Other scholars have found conceptual leaps based on juxtaposing texts implausible (Hogrefe, 310–11). The likelihood that Elyot’s works were clandestine criticism of the establishment is further diminished by a lack of corroborating contemporary perceptions of his books as seditious works. If Elyot indeed intended to exonerate More and Catherine, among others, the point was missed by his readers, including the king, during the Reformation crisis.

On more solid evidential ground are modern investigations showing Shakespeare’s* use of Elyot’s political theory in his plays (Phillips). Shakespeare lifted phrases verbatim from The Governor in writing Troilus and Cressida and Coriolanus (Starnes), indicating that perhaps Elyot’s perceptions passed into conventional wisdom.
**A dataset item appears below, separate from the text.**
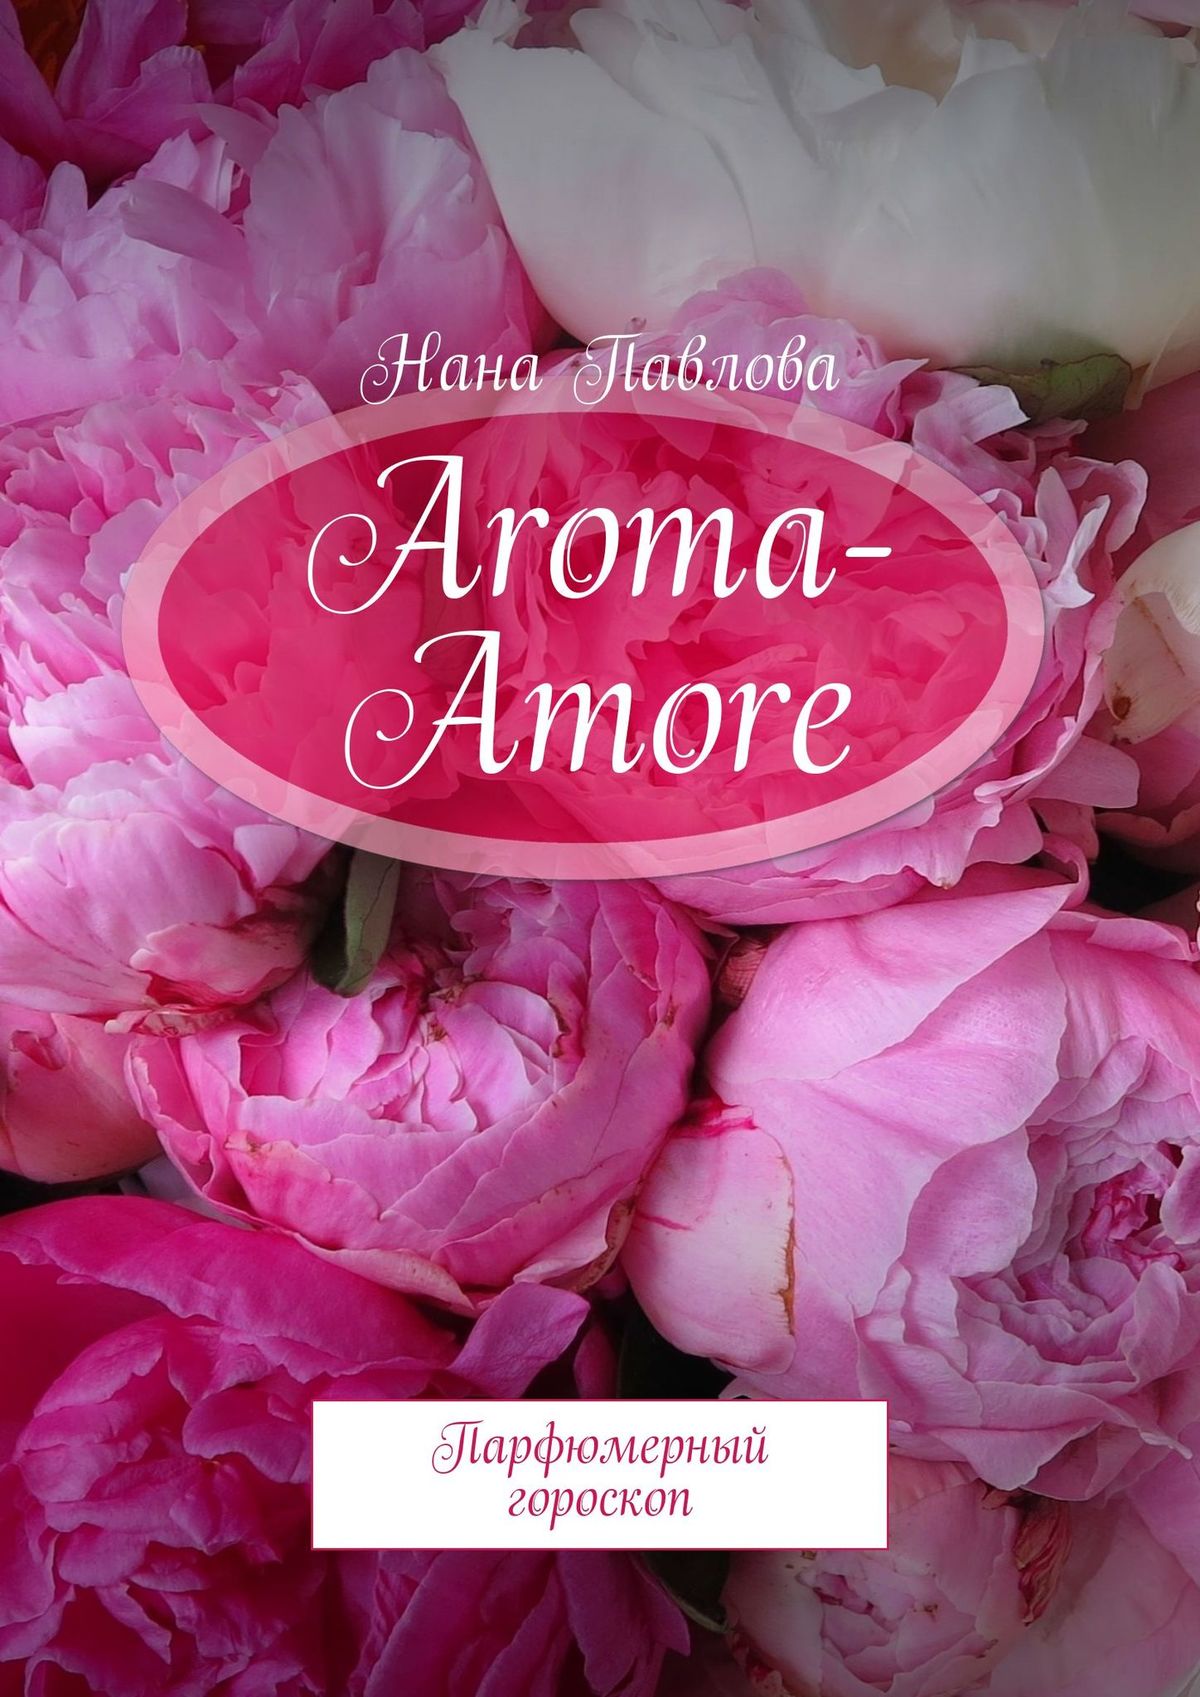 Книга Aroma-Amore из серии , созданная Нана Павлова, может относится к жанру Развлечения, Хобби, Ремесла, Руководства. Стоимость электронной книги Aroma-Amore с идентификатором 39824856 составляет 96.00 руб.

Etiquette books have a way of enduring beyond the normal life expectancy of how-to books of advice, though few people succeed in internalizing their precepts and rules. The durability of The Book of the Governor , a book of political etiquette, is likewise remarkable, all the more so considering how few leaders turned out as bearing the qualities Elyot so plainly described.

Thomas Elyot likely did more to spread the popularity of humanism than any writer in England. Nonetheless, because of his lack of literary brilliance and relatively uneventful life, his memory has dissolved into obscurity outside the world of specialized scholarship.